Don't worry Ace there's lots more fish to catch.....even bigger n better ones....you'll get to start over with a new slate now
As bad as it is for me to miss her, but I miss my ex greatly. I do not care about all the **** she did, but its whatever. She is only in my dreams now.....I know I will never see her again, and sadly I am dating another girl that I keep accusing of the same **** that she (the ex) did. I need some professional help....my trust has been shot.
how long ago was this? ah man, too bad we can't all get together for a drink!

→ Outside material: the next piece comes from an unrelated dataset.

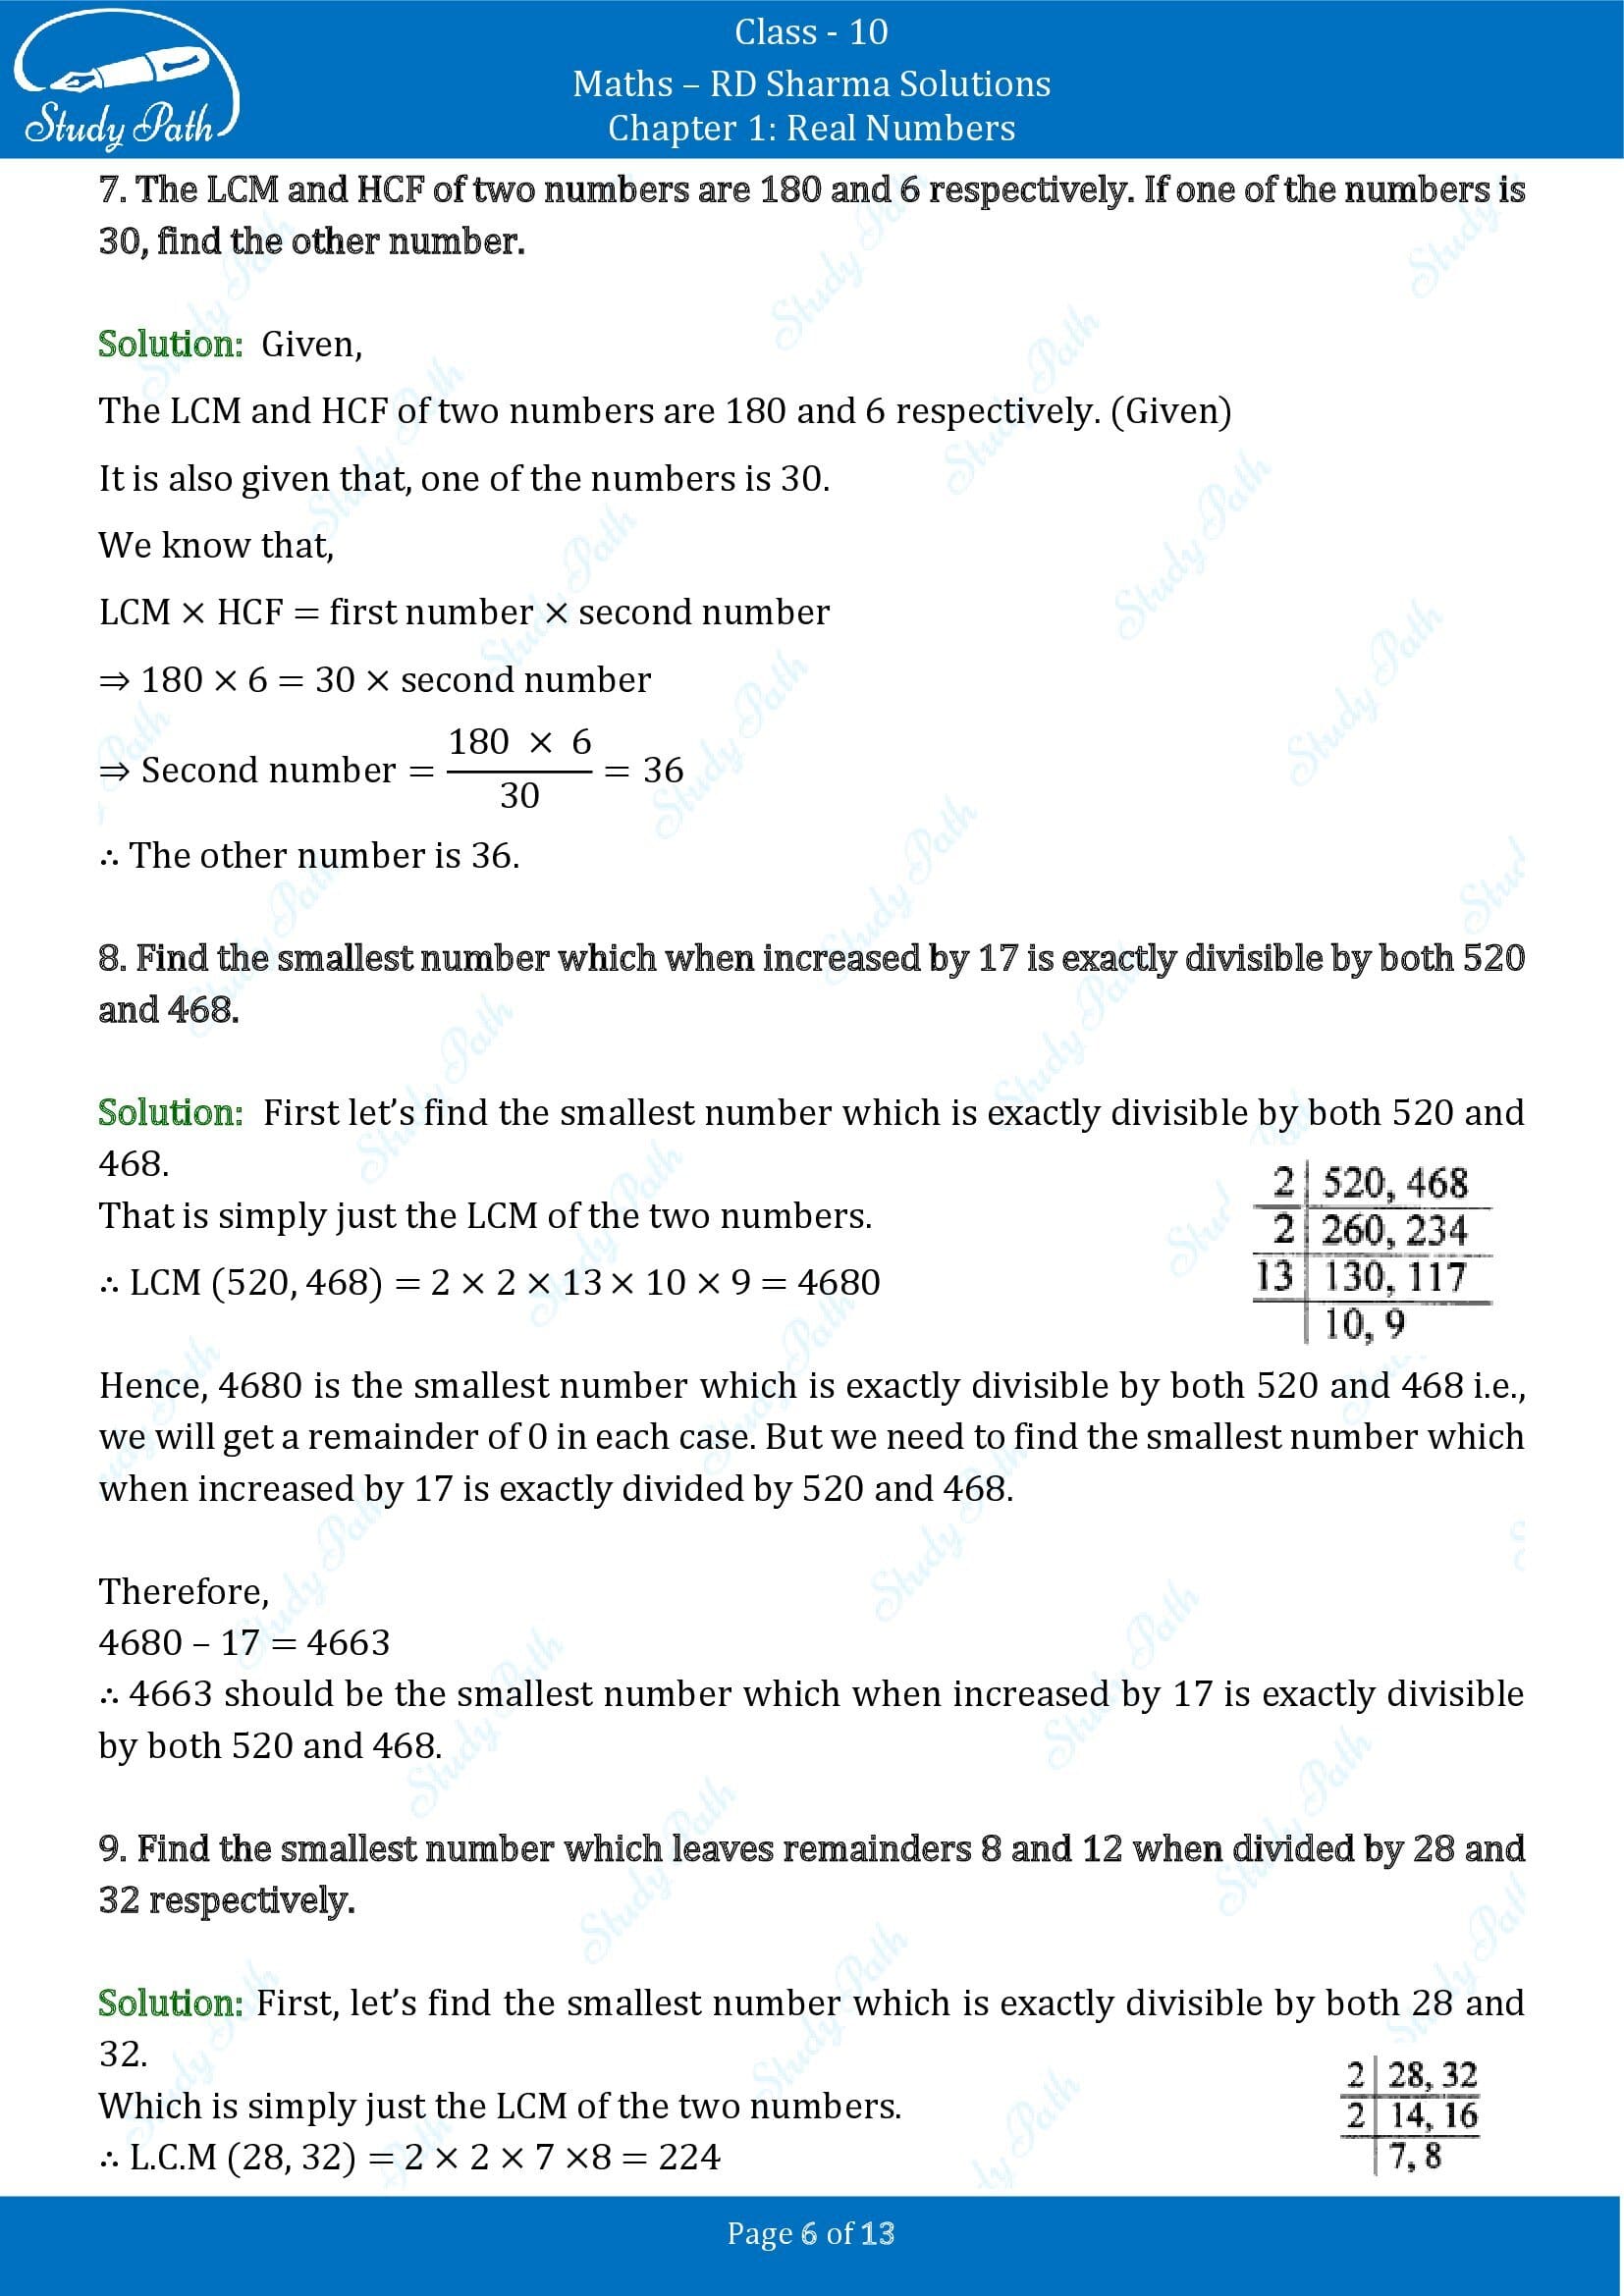 RD Sharma Solutions Class 10 Chapter 1 Real Numbers Exercise 1.4 00006
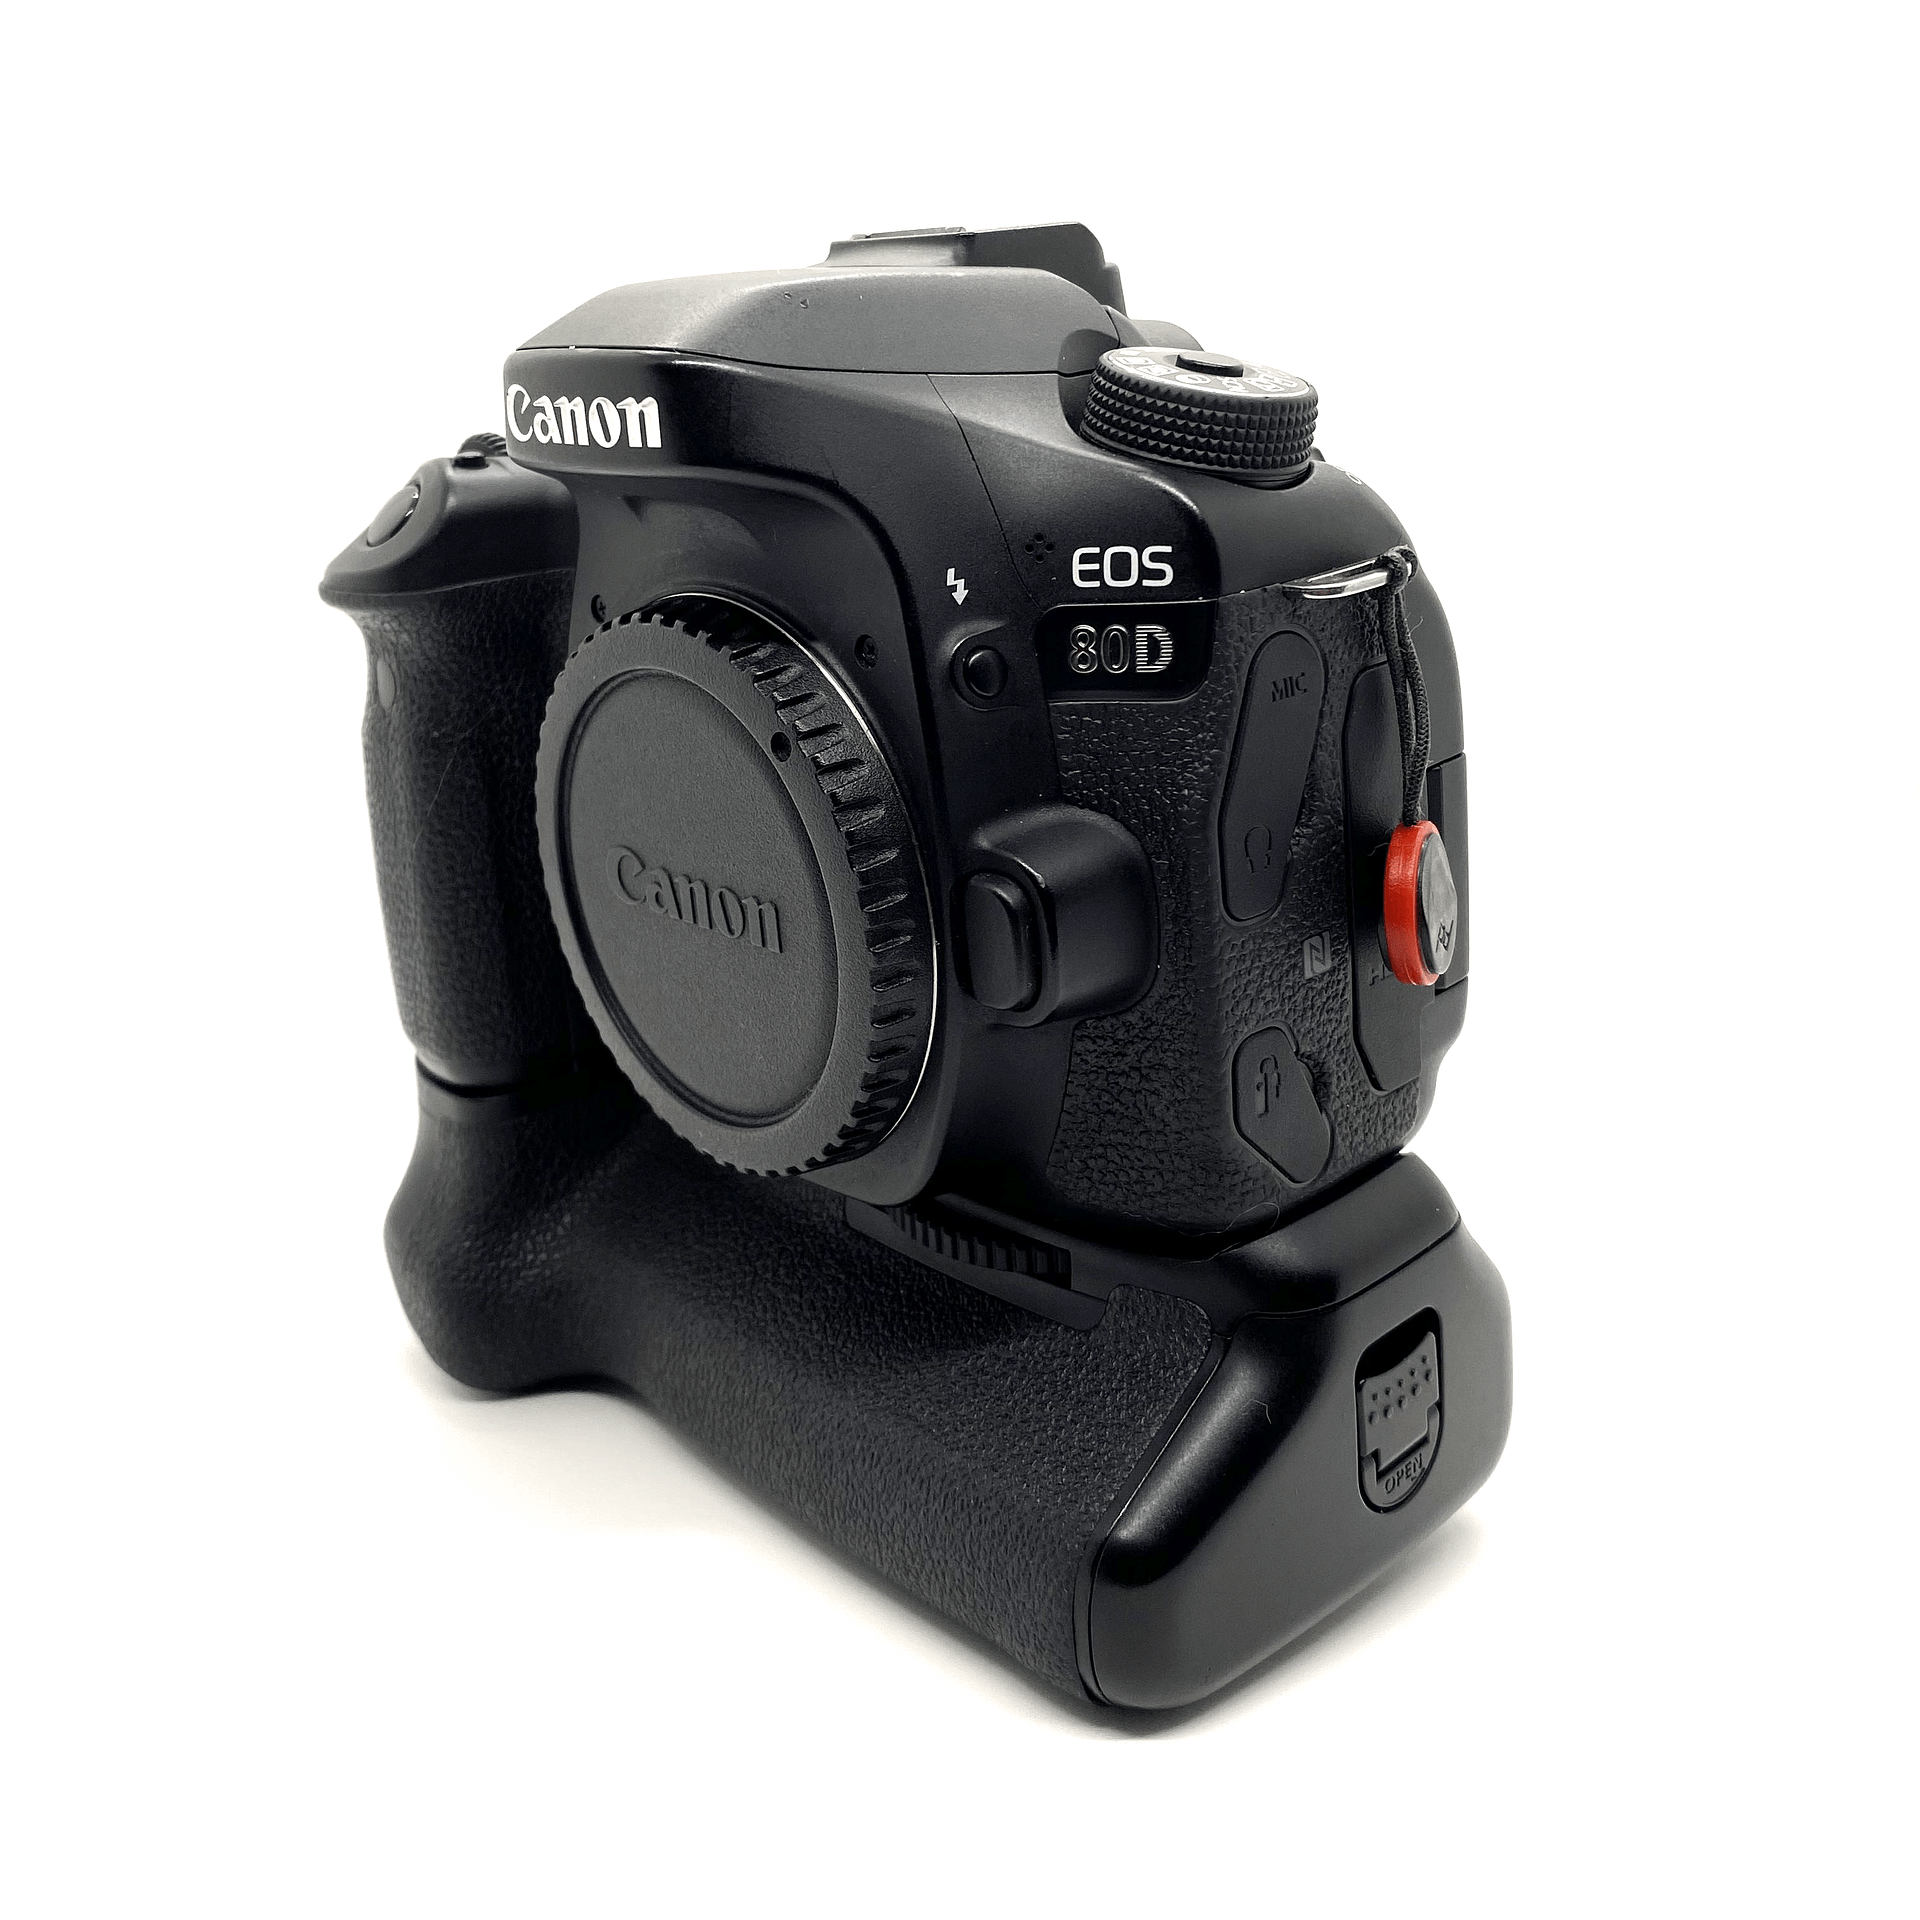 Showing angle 1 of the Canon 80D for review

All my friends at the moment are either happily single or a in a relationship!
It is just about this time when you get gobsmacked again......it will happen...patience young padwon ! DD
Funny thing is I am dating this extremely hot girl....who is 32 yrs old (7 yrs older than me) and treats me like a king.......why the hell would I still be thinking about my ex I don't know....... (new girl and I) New Girl God what is wrong with me.....I really do not want to **** this one up, my family loves her, and her family is amazing. She has everything that my ex never had......I guess I have answered my own question
Dude, seems like you are still going through some major pain. What happened in the last relationship if I might ask? How long has it been? Ouch, I was hoping time would heal me! Lol.
We were engaged.....actually we had been together for 3 yrs....then she ended up sleeping with some friend of hers, because of her own insecurities. It didnt help either that I had ballooned to 320 pounds (eating alot due to depression). Well we ended up reconciling things (thought we did) and I ended up losing over 125 lbs (all on my own by the way) and the trust level between us was shot. I never forgave her for cheating, and she accused me of losing weight because I wanted to pick up girls. She didnt see that I was doing it to be healthy. Things got really bad, and we ended up parting about 6 months ago. Well she has since moved on to someone else, but ironically she did try to make my life a living hell in the process (luckily she has stopped now). We were together for roughly 5 years. This new lady has been alot of help to me, but I just cannot seem to break the habbit. I know with time I will, but I am afraid I am going to lose the best catch I have ever had.